New Hampshire Senate Sends New Casino Plan to House
Posted on: April 7, 2014, 07:20h.
Last updated on: April 7, 2014, 07:23h.
The New Hampshire House soundly defeated a proposal that would have brought a casino to the state just a month ago. Now it looks like it’s already time for them to debate the issue again.
New Hampshire’s Senate passed a new casino gambling bill last week – one that they hope might get enough support to pass through the House; a body that has traditionally opposed adding any casinos to the state.
The new bill passed the Senate by a 15-9 vote after just ten minutes of debate. It would allow for two casinos to be built in the state; between them, they would be allowed up to 5,000 slot machines and 240 table games.
Revenue Sharing Provisions Included
In the hopes of gaining some additional support in the House, State Senator Lou D’Allesandro (D-Manchester) – the primary sponsor of the bill – added provisions that would allow local communities to share in the casino profits along with the state.
“The revenue sharing takes care of every citizen, every city and town in New Hampshire,” D’Allesandro said.
The bill includes several features of the legislation that the House voted down just weeks earlier. For instance, the total number of slots allowed is identical. However, splitting those games across two casinos may be an effort to win over those who were worried about a casino monopoly in the state.
Another concern is over where a casino could be located, as well as, interestingly, its nongaming attributes – in this case, its entertainment venue capacities. The bill doesn’t specify a location, but it does protect the state’s largest entertainment venue – the Verizon Wireless Arena in Manchester – by limiting any entertainment seating at a casino to a maximum of 1,500 people.
Opposition Questions Merits of New Bill
But much of the opposition is based on how a casino might change New Hampshire’s quiet, scenic image. And Governor Maggie Hassan (D) has said that while she would support expanded gambling in the state, she is only in favor of adding one casino.

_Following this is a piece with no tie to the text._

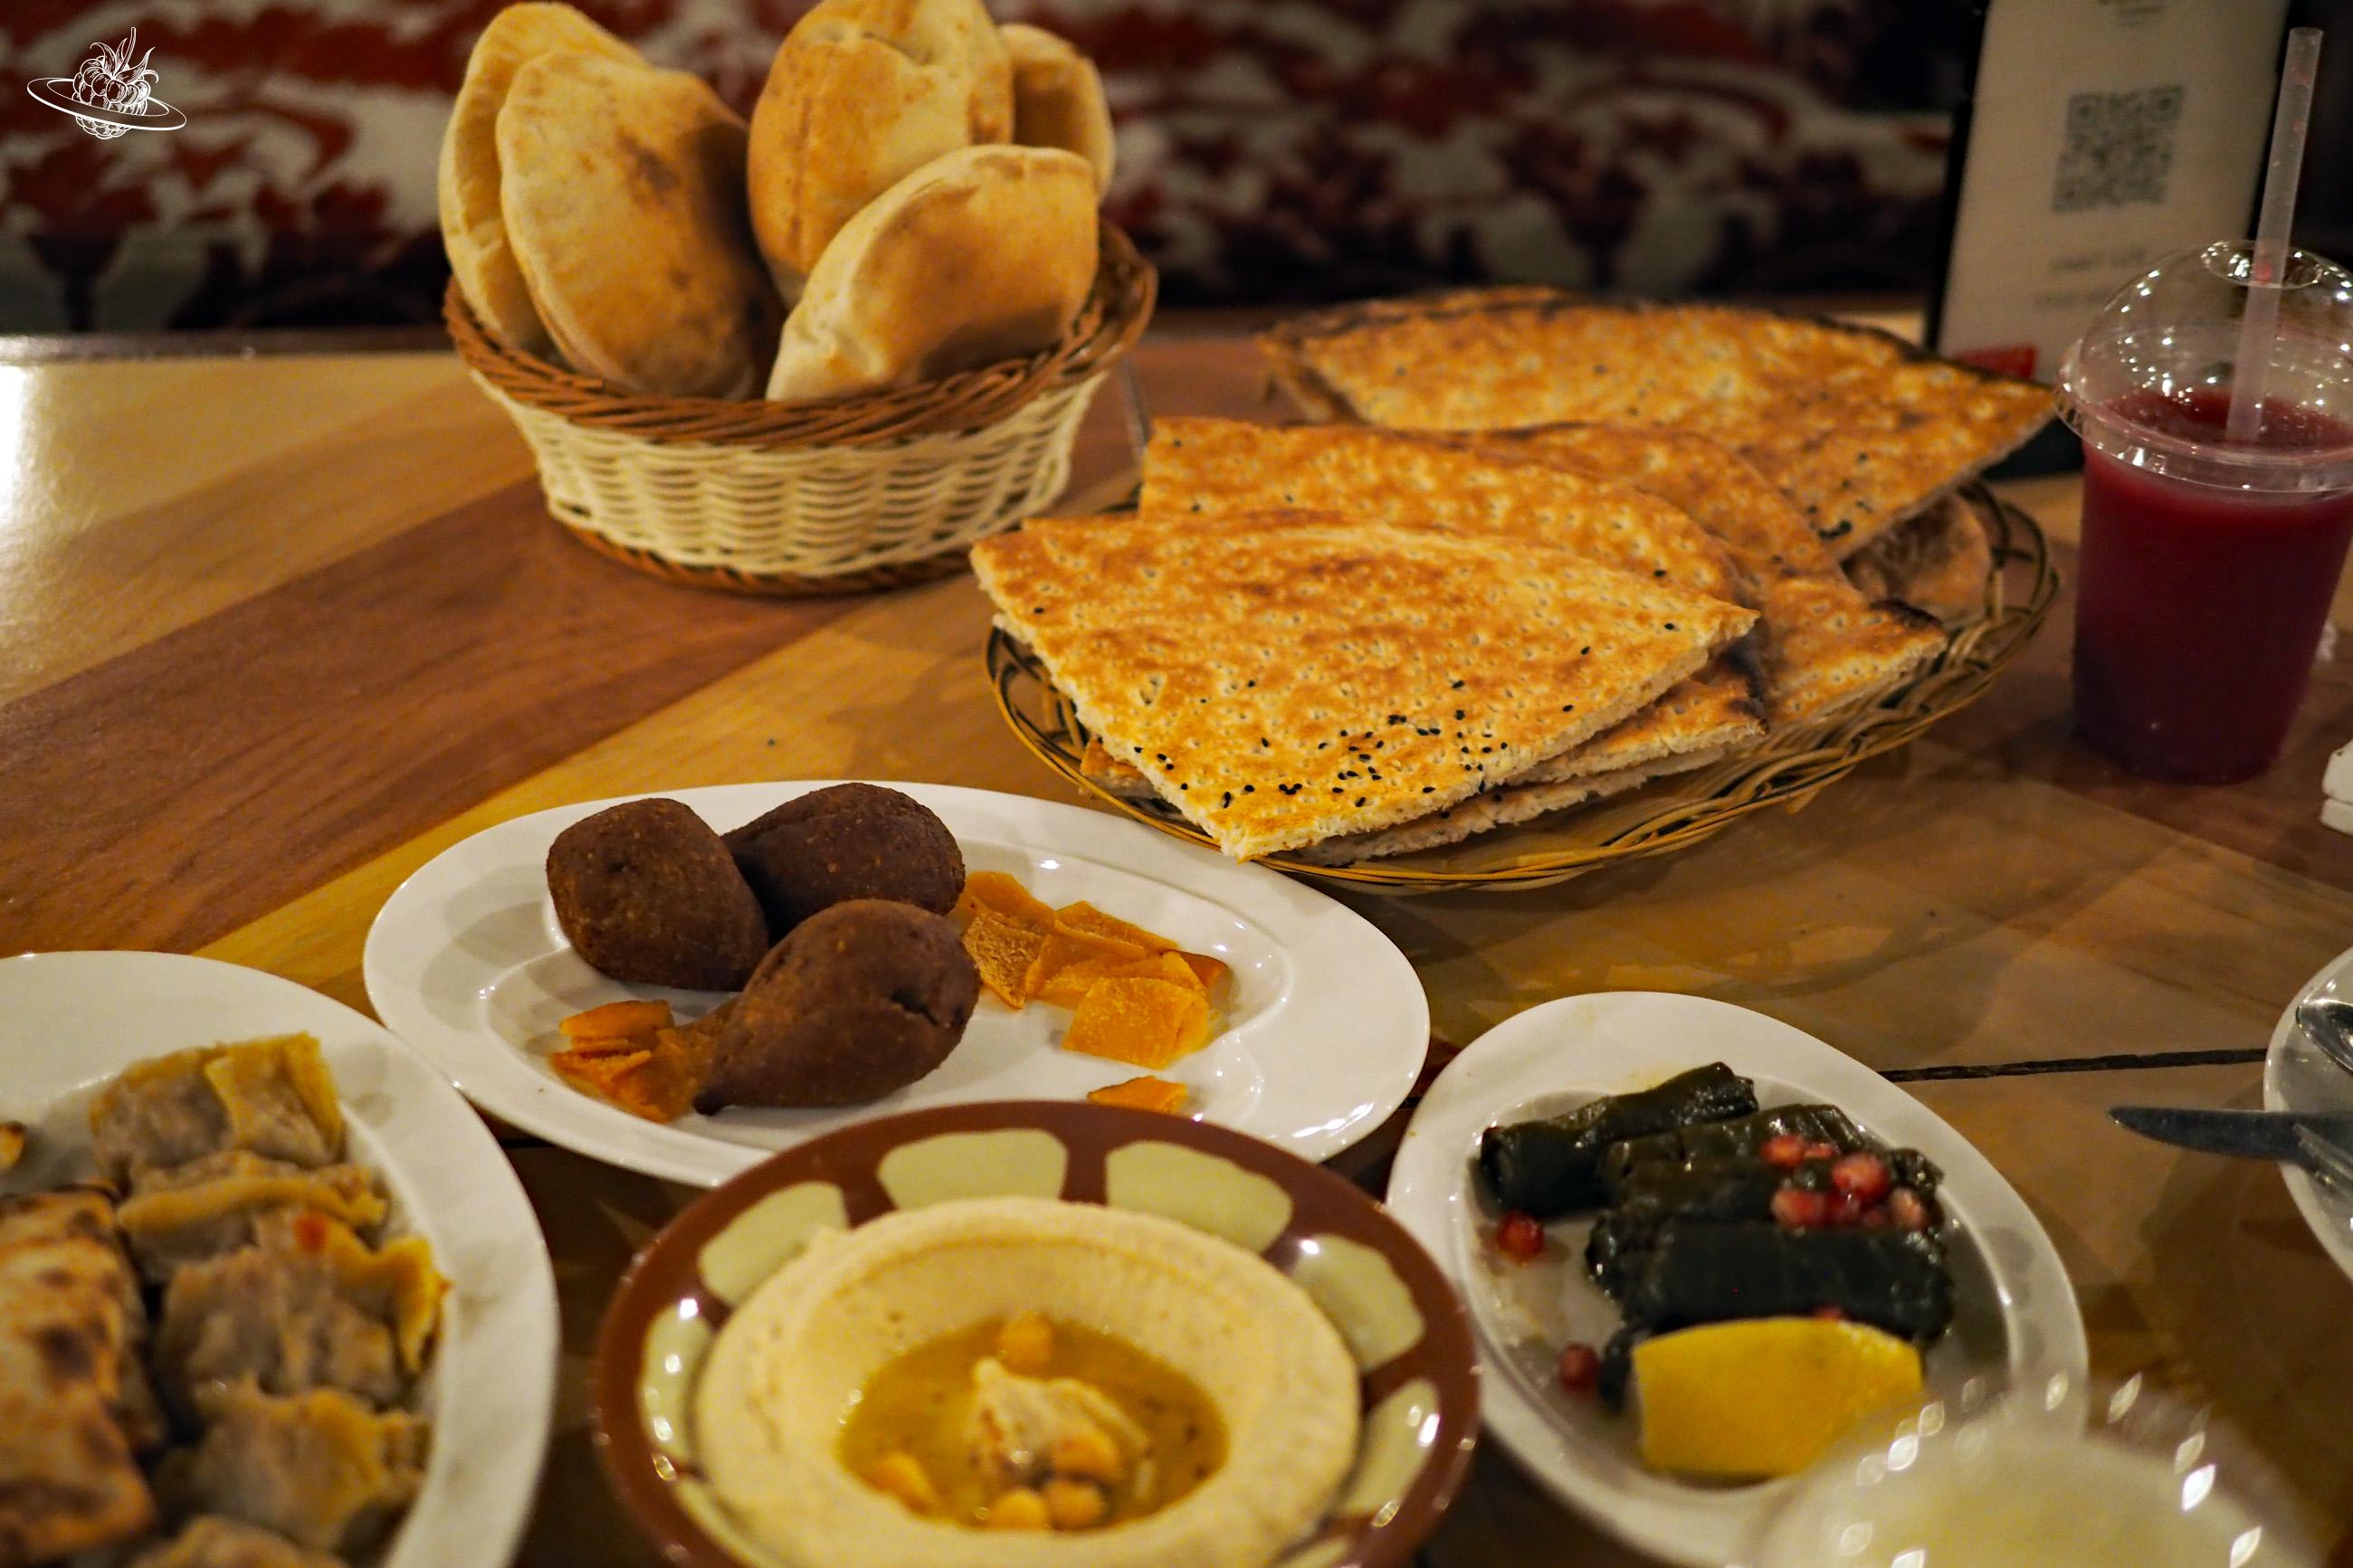 Arabisches Essen und Getränk auf dem Tisch

Others questioned whether the promises of revenue sharing would really amount to anything in the long run.
“Every time a bill comes before us it promises a different way to use the revenues,” said State Senator Martha Fuller Clark (D-Portsmouth), adding that future lawmakers could change how such money was utilized.

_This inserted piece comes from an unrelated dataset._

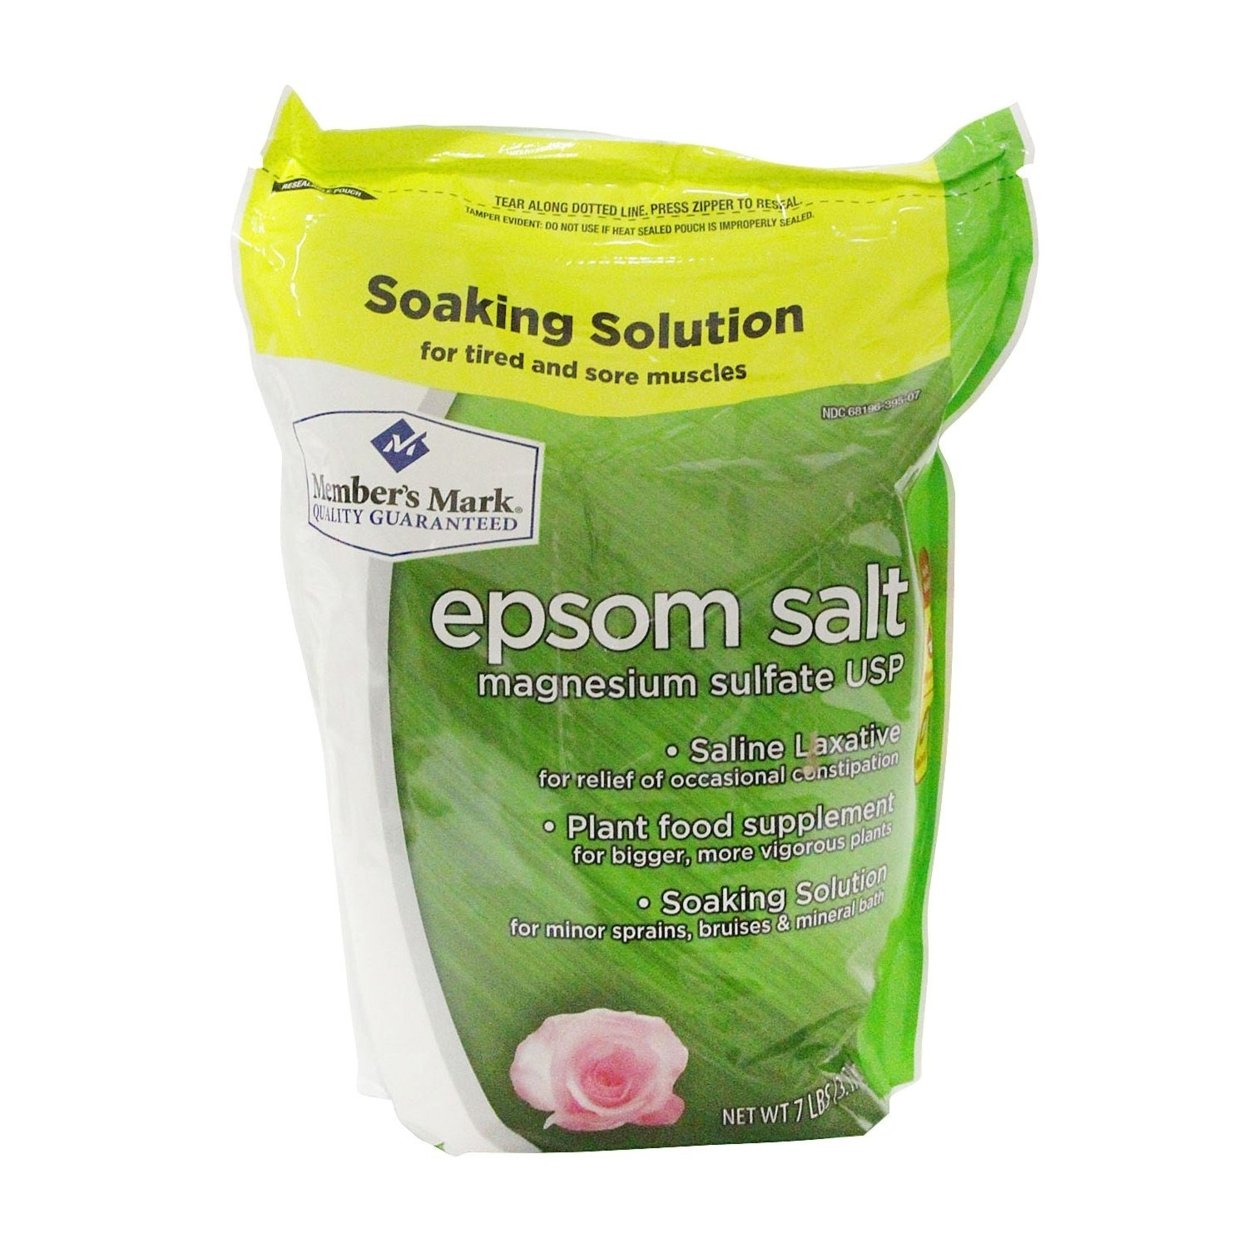 Member's Mark Epsom Salt (2 bags, 7 Pound each)

While the House has consistently blocked such bills, anti-gambling activists are still gearing up for another fight over this casino bill.
“This is nothing more than a bad idea made worse,” said Steve Duprey, spokesperson for a coalition opposing the casino bill.

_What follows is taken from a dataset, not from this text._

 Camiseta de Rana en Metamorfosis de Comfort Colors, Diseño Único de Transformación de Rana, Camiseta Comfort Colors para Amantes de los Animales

Spokesman Harold Janeway said that the newest version of the bill showed that supporters wouldn’t be satisfied with just one casino in the state.
“No longer is proliferation a risk – we’ve got it,” Janeway said. “It’s built in and baked into the bill.”
New Revenue Streams Wanted for State
The battle over casino gambling comes at a time when New Hampshire is considering ways to increase revenues. The state would like to raise money to pay for the expansion of Interstate 93, other highway improvements, and to pay down debt. However, the House and Senate have not been able to agree on how to do so.
Other possibilities include an increased gas tax. The Senate recently passed a four-cent increase on that tax, though the House has yet to vote on it.